Serum alkaline phosphatase: Elevation may indicate either liver or bone involvement.
Serum LDH: Elevated.
Serum copper: Elevation may be seen in exacerbations.
Serum calcium: May be elevated when bone is involved.
Serum uric acid: Elevation related to increased destruction of nucleoproteins and liver and kidney involvement.
BUN: May be elevated when kidney involvement is present.
Serum creatinine, bilirubin, antistreptolysin (ASL); creatinine clearance: May be done to detect organ involvement.
Gamma globulin: Hypergammaglobulinemia is common; may occur in advanced disease.
Chest x-ray: May reveal mediastinal or hilar adenopathy, nodular infiltrates, or pleural effusions.
X-rays of thoracic, lumbar vertebrae, proximal extremities, pelvis, or areas of bone tenderness: Determine areas of involvement and assist in staging.
IVP: May be done to detect renal involvement or ureteral deviation by involved nodes.
Whole lung tomography or chest computed tomography (CT) scan: Done if hilar adenopathy is present to reveal possible involvement of mediastinal lymph nodes.
Abdominal and pelvic CT scan: May be done to rule out diseased nodes in the abdomen and pelvis and associated organs.
Abdominal ultrasound: Evaluates extent of involvement of retroperitoneal lymph nodes.
Bone scans: Done to detect bone involvement.
Gallium scan: Proven useful for detecting recurrent nodal disease, especially above the diaphragm.
Lymphangiogram: Historically a very important diagnostic tool. Seldom done today because of newer technologies.
Bone marrow biopsy: Determines bone marrow involvement, which is seen in advanced stages.
Lymph node biopsy: Establishes the diagnosis of Hodgkin’s disease based on the presence of the Reed-Sternberg cell.
Mediastinoscopy: May be performed to establish diagnosis (presence of lymphoma in mediastinal lymph nodes).
Staging laparoscopy or laparotomy: May be done to obtain specimens of retroperitoneal nodes, of both lobes of the liver, and/or to remove the spleen. (Splenectomy is controversial because it may increase the risk of infection and is currently not usually done unless patient has clinical manifestations of stage IV disease.)
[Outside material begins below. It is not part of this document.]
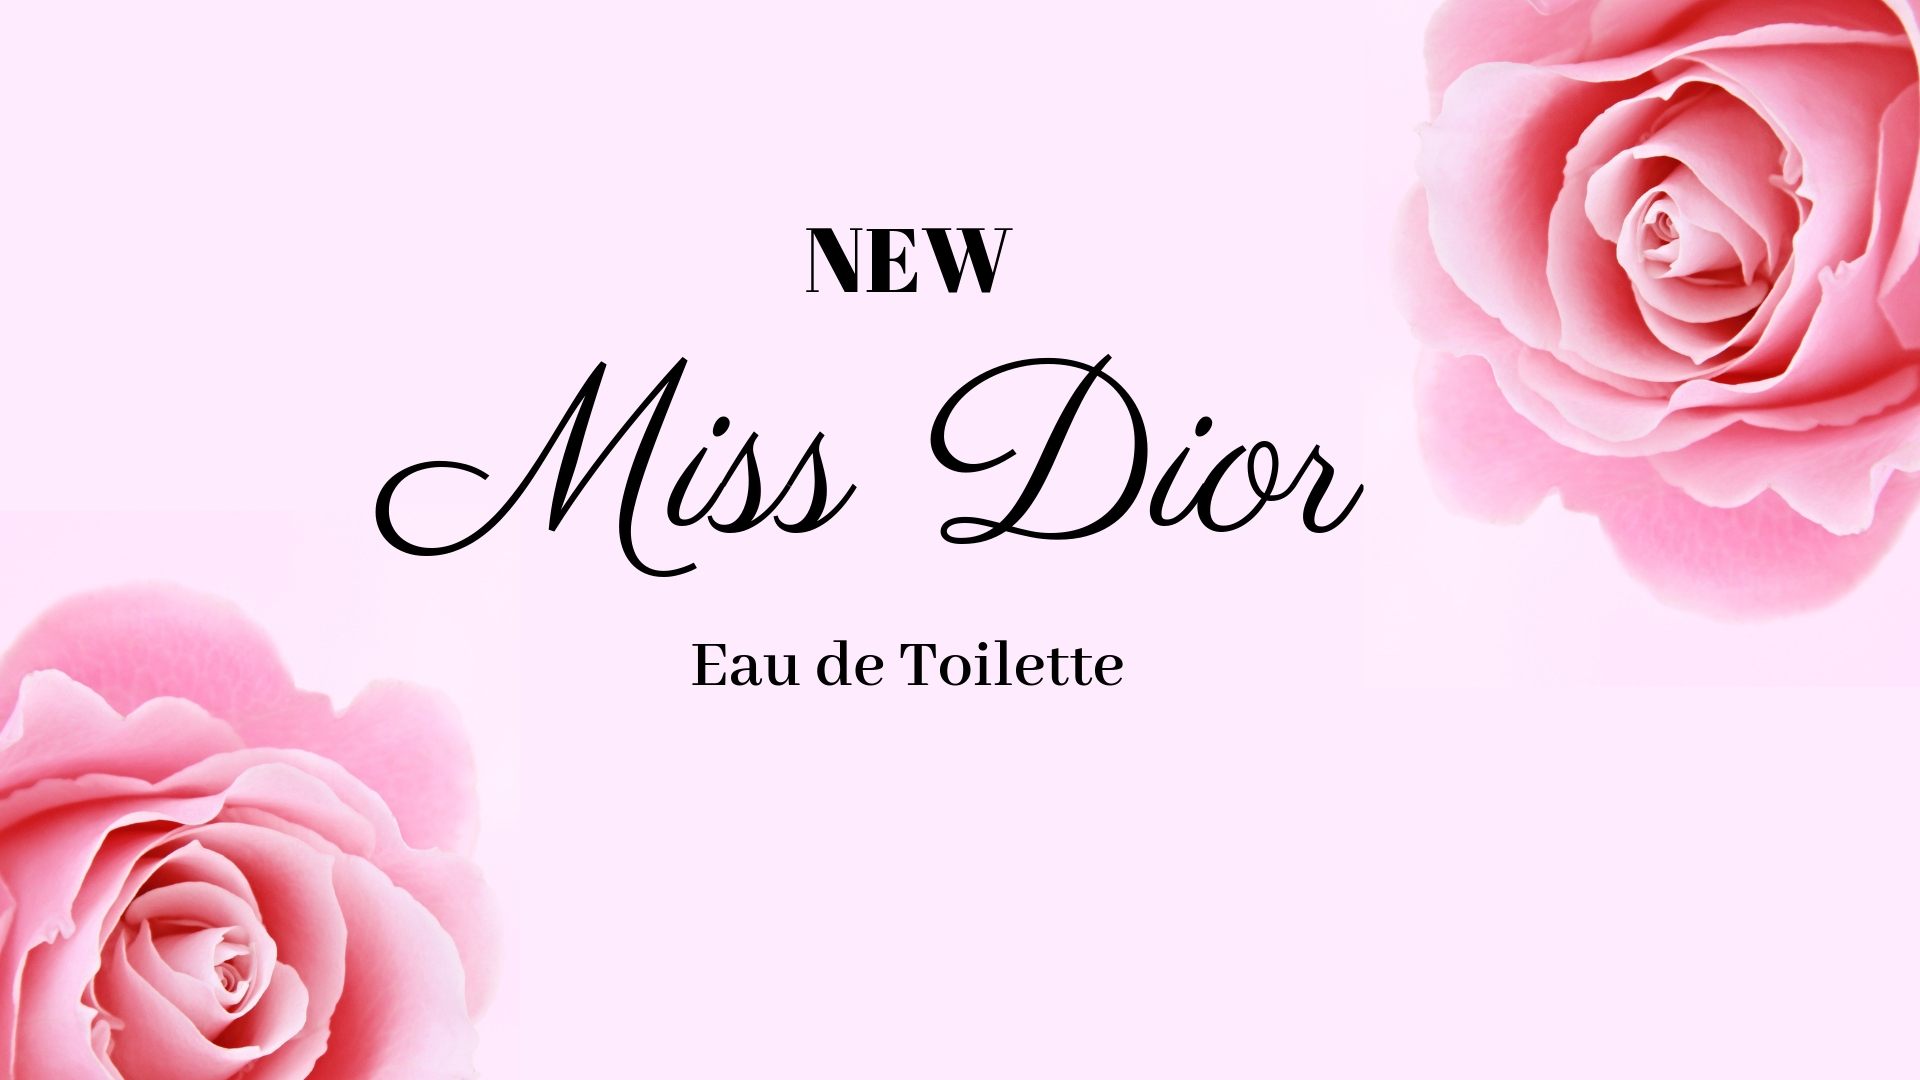 miss dior eau de toilette 2019 review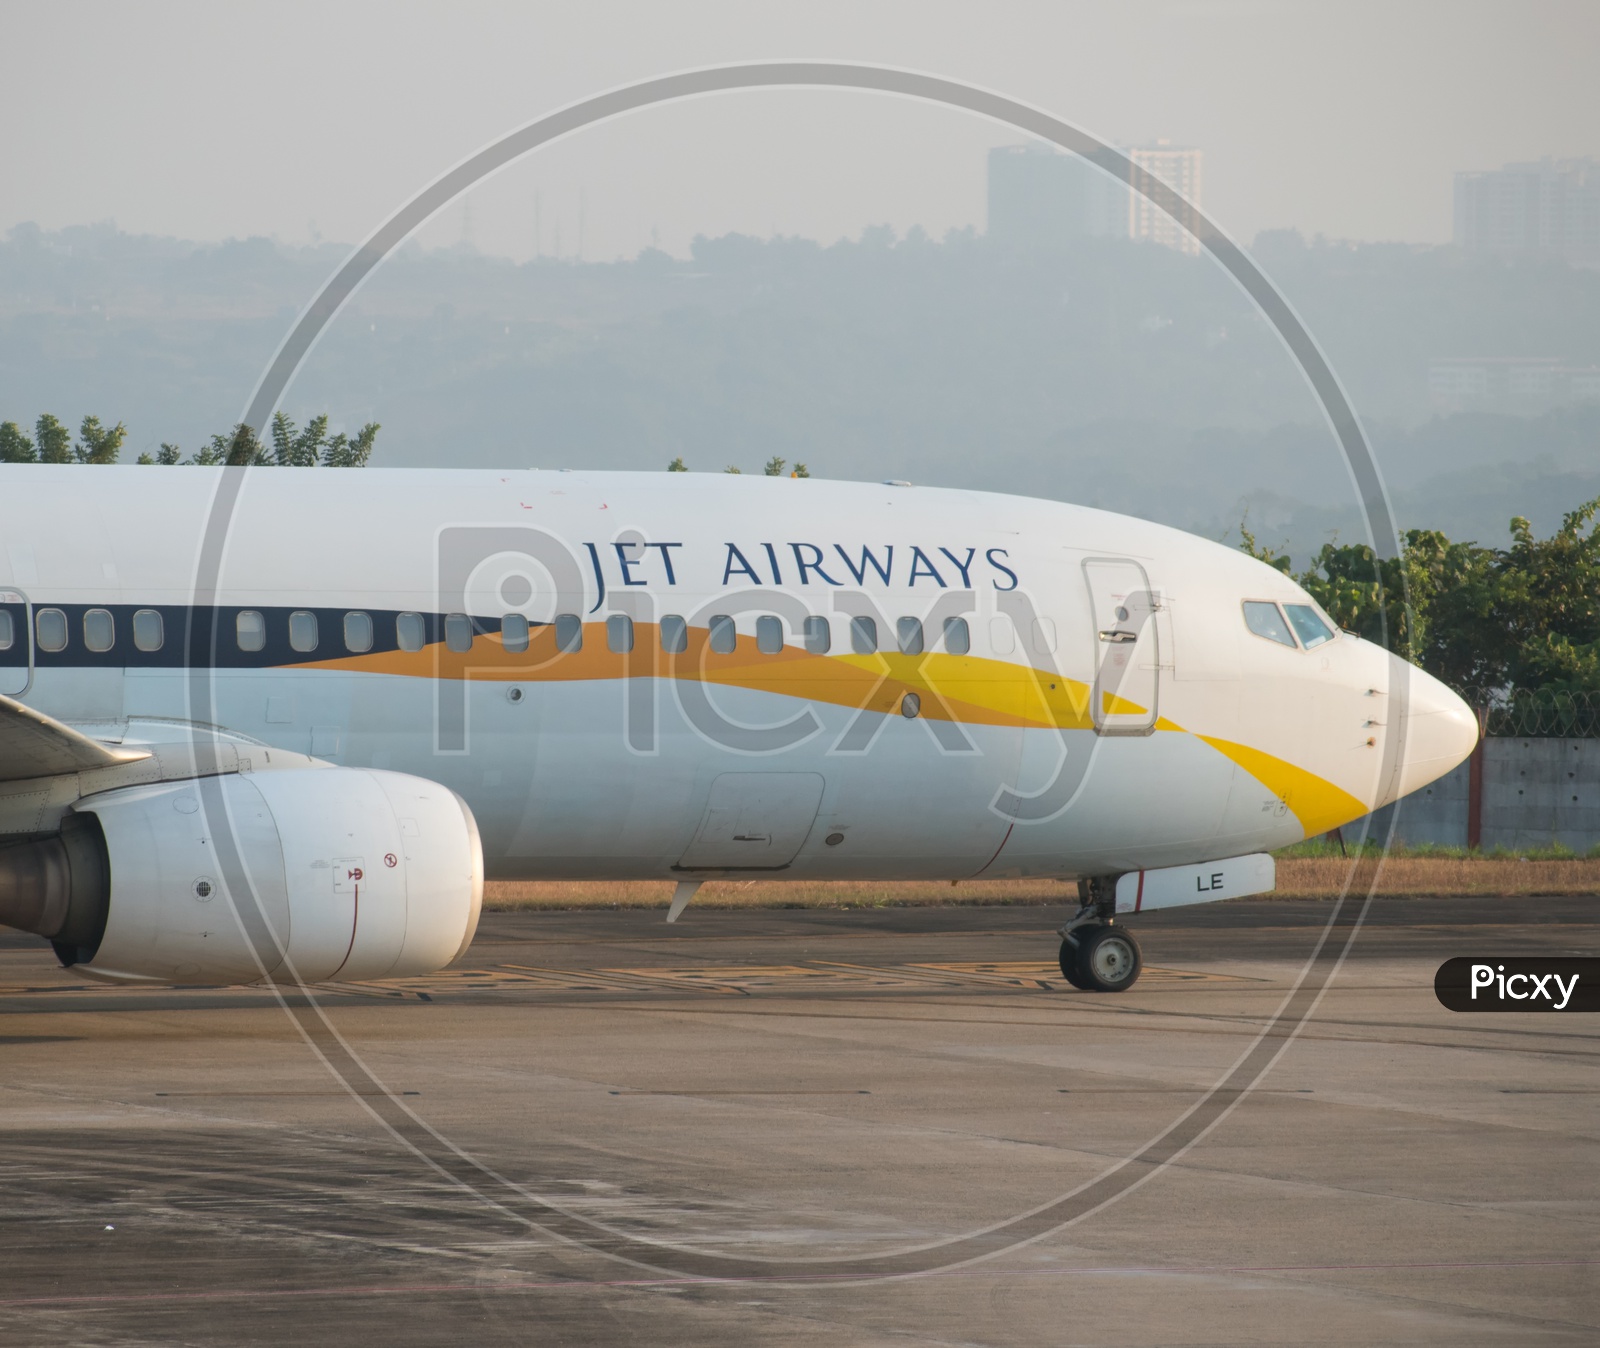 Jet airways Boeing 737

1. Provide physical and psychological support during extensive diagnostic testing and treatment regimen.
2. Prevent complications.
3. Alleviate pain.
4. Provide information about disease process/prognosis and treatment needs.


1. Complications prevented/minimized.
2. Dealing with individual situation realistically.
3. Pain relieved/controlled.
4. Disease process/prognosis, possible complications, and therapeutic regimen understood.
5. Plan in place to meet needs after discharge.

Refer to CPs: Cancer, Leukemias, for general nursing diagnoses and interventions to accomplish corresponding nursing priorities/discharge goals.